*What you are asked to do*
Search the listing below for the line with "Patagonia Men's Capilene®", then write out that line and every one after it exactly, without the pictures.

╭─ Data

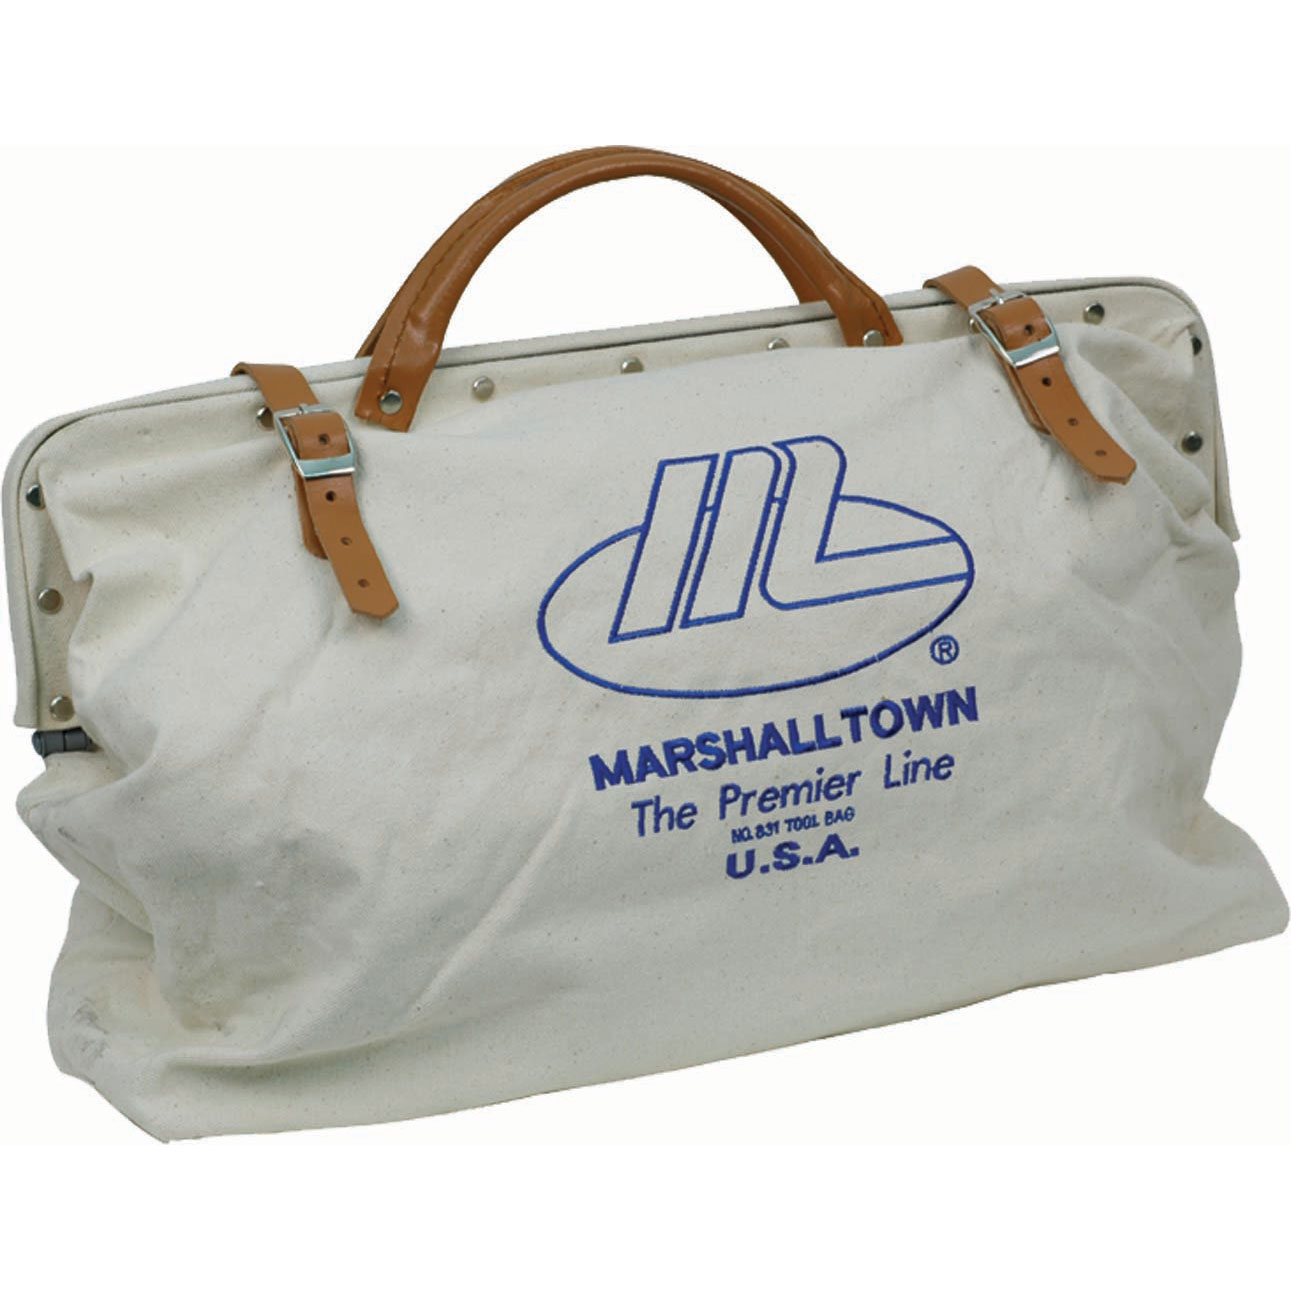 Marshalltown 831 20 x 15 Canvas Tool Bag MAT-831
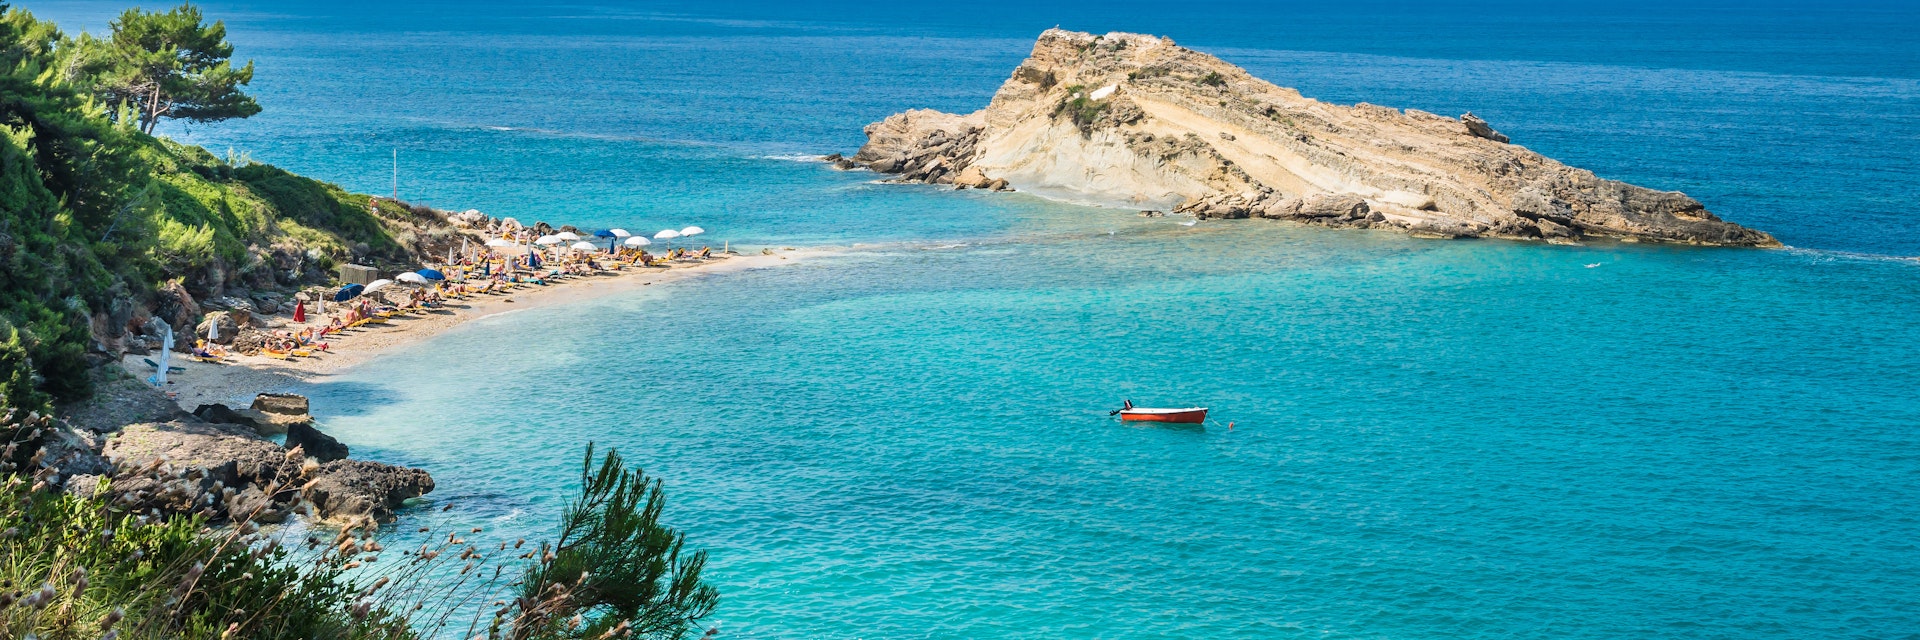 Beautiful view of Turkopodaro Beach on Kefalonia, Ionian Islands, Greece
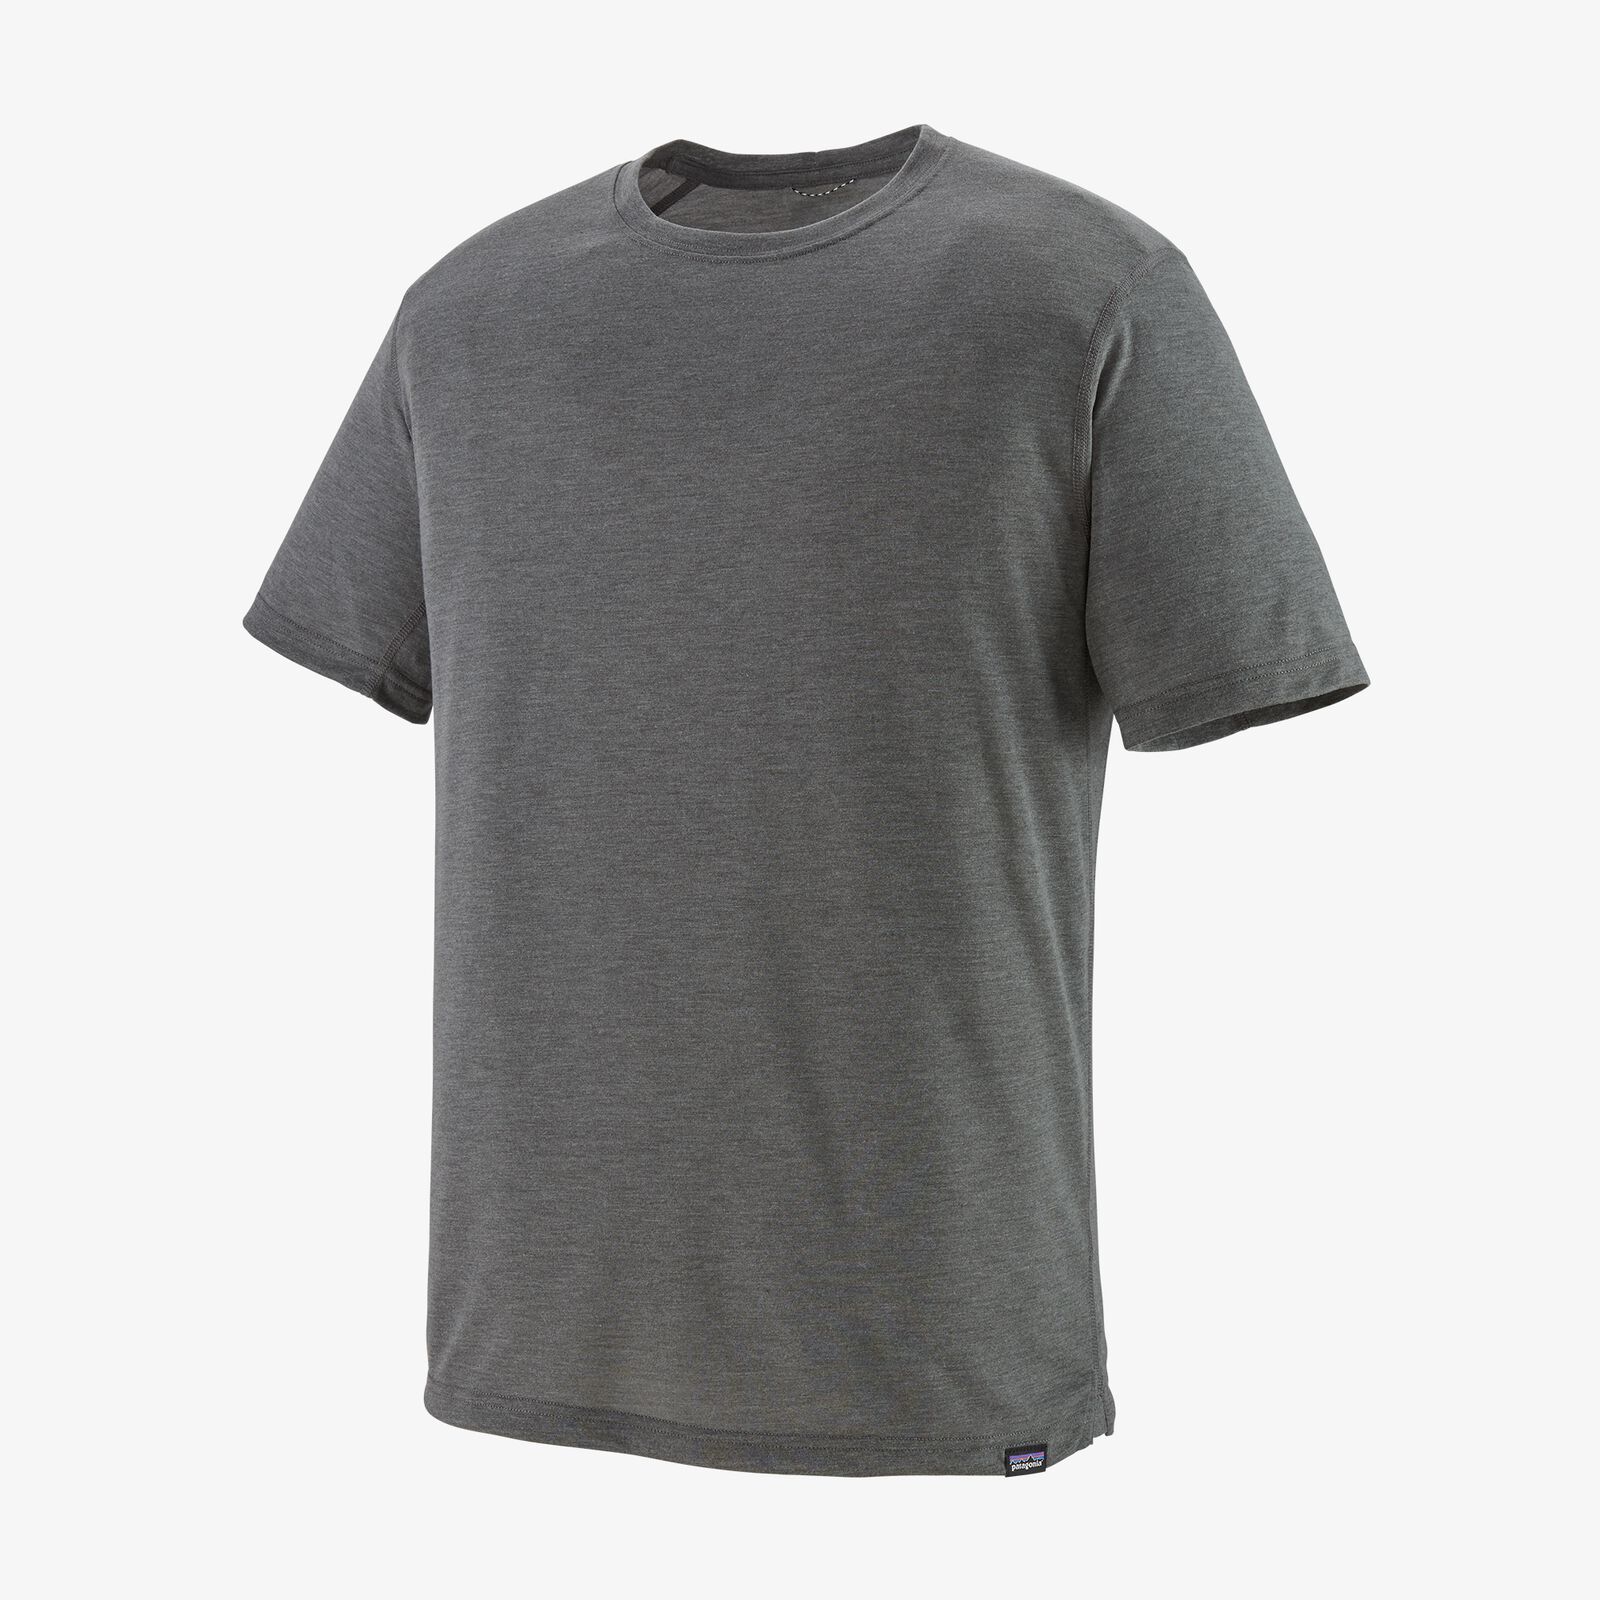 Patagonia Men's Capilene® Cool Trail Shirt - Forge Grey
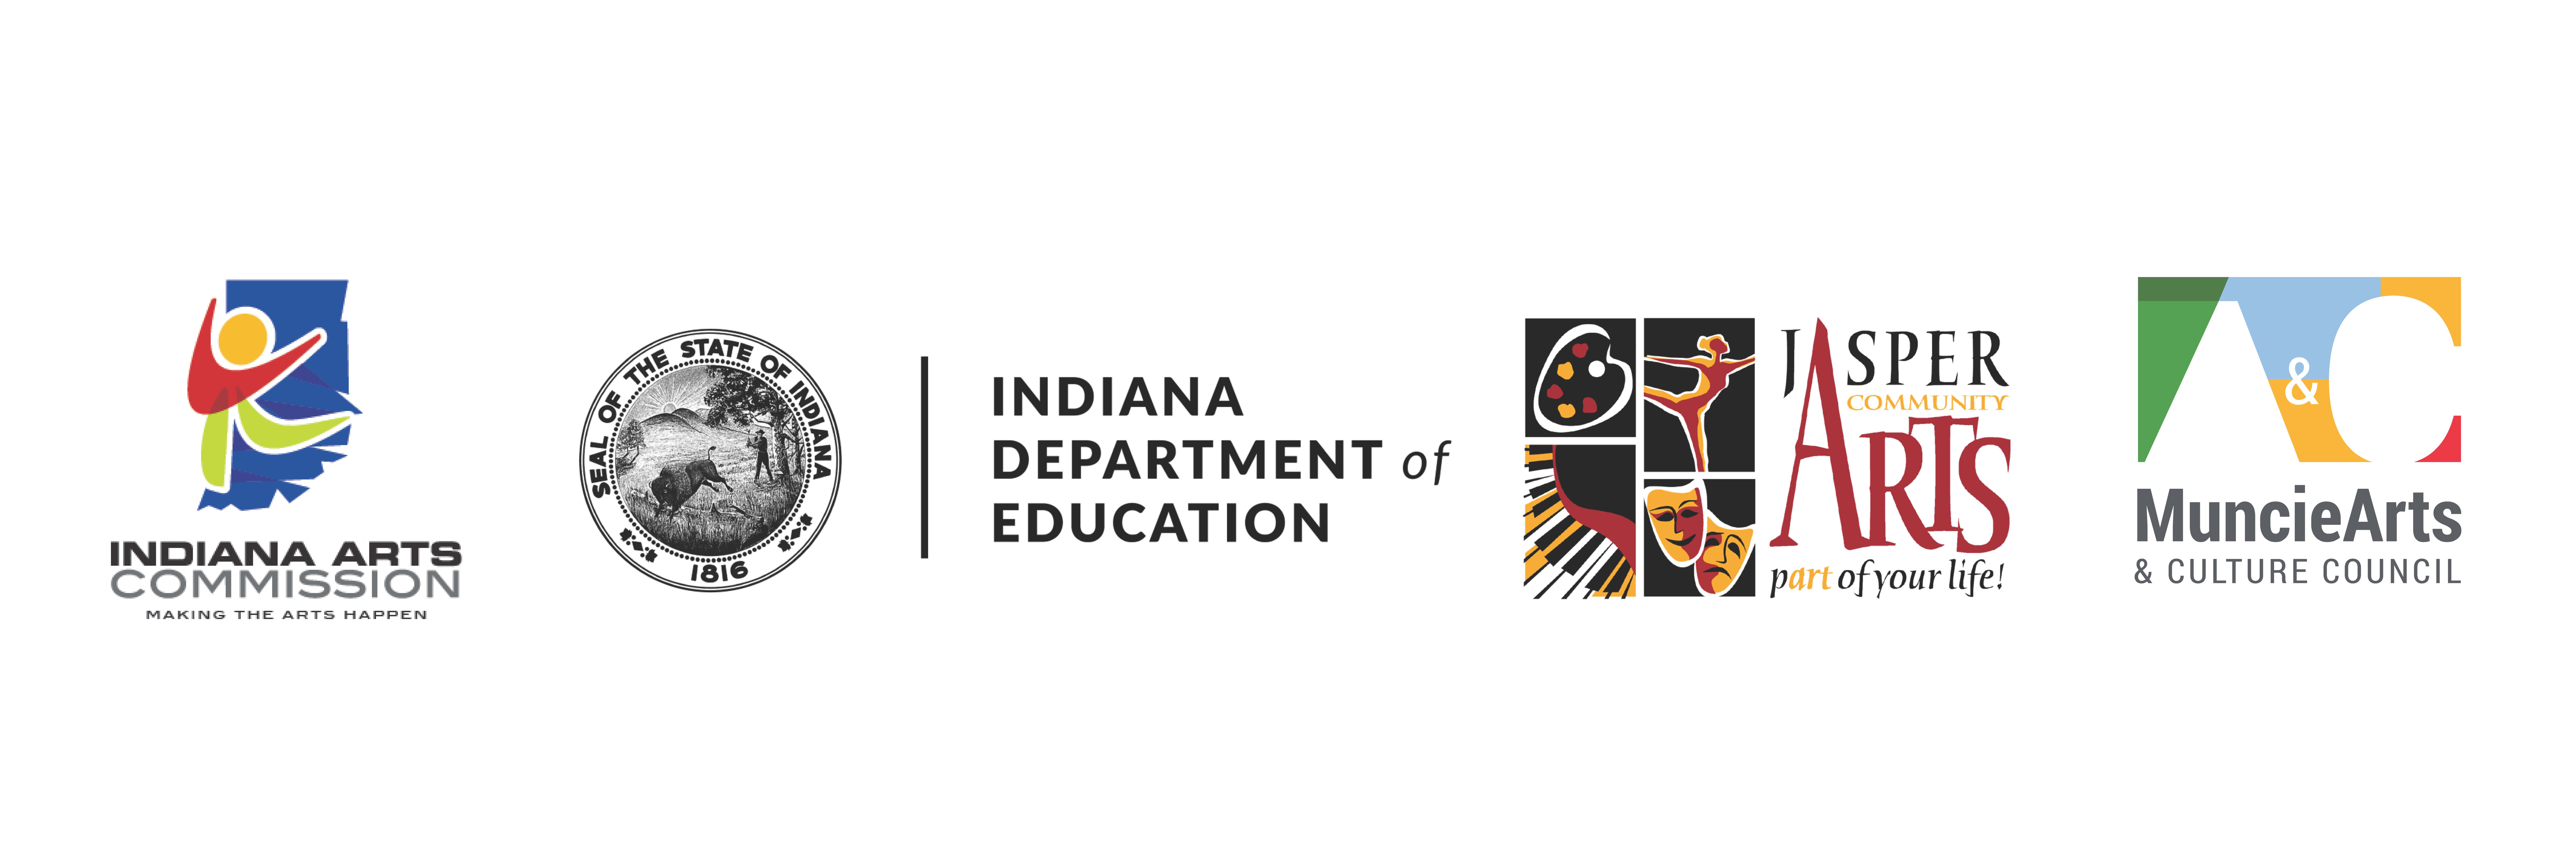 Logos of the IAC, Department of Education, Jasper Community Arts, and Muncie Arts and Culture Council

╰─

*Response for this exercise*
 Patagonia Men's Capilene® Cool Trail Shirt - Forge Grey
 Logos of the IAC, Department of Education, Jasper Community Arts, and Muncie Arts and Culture Council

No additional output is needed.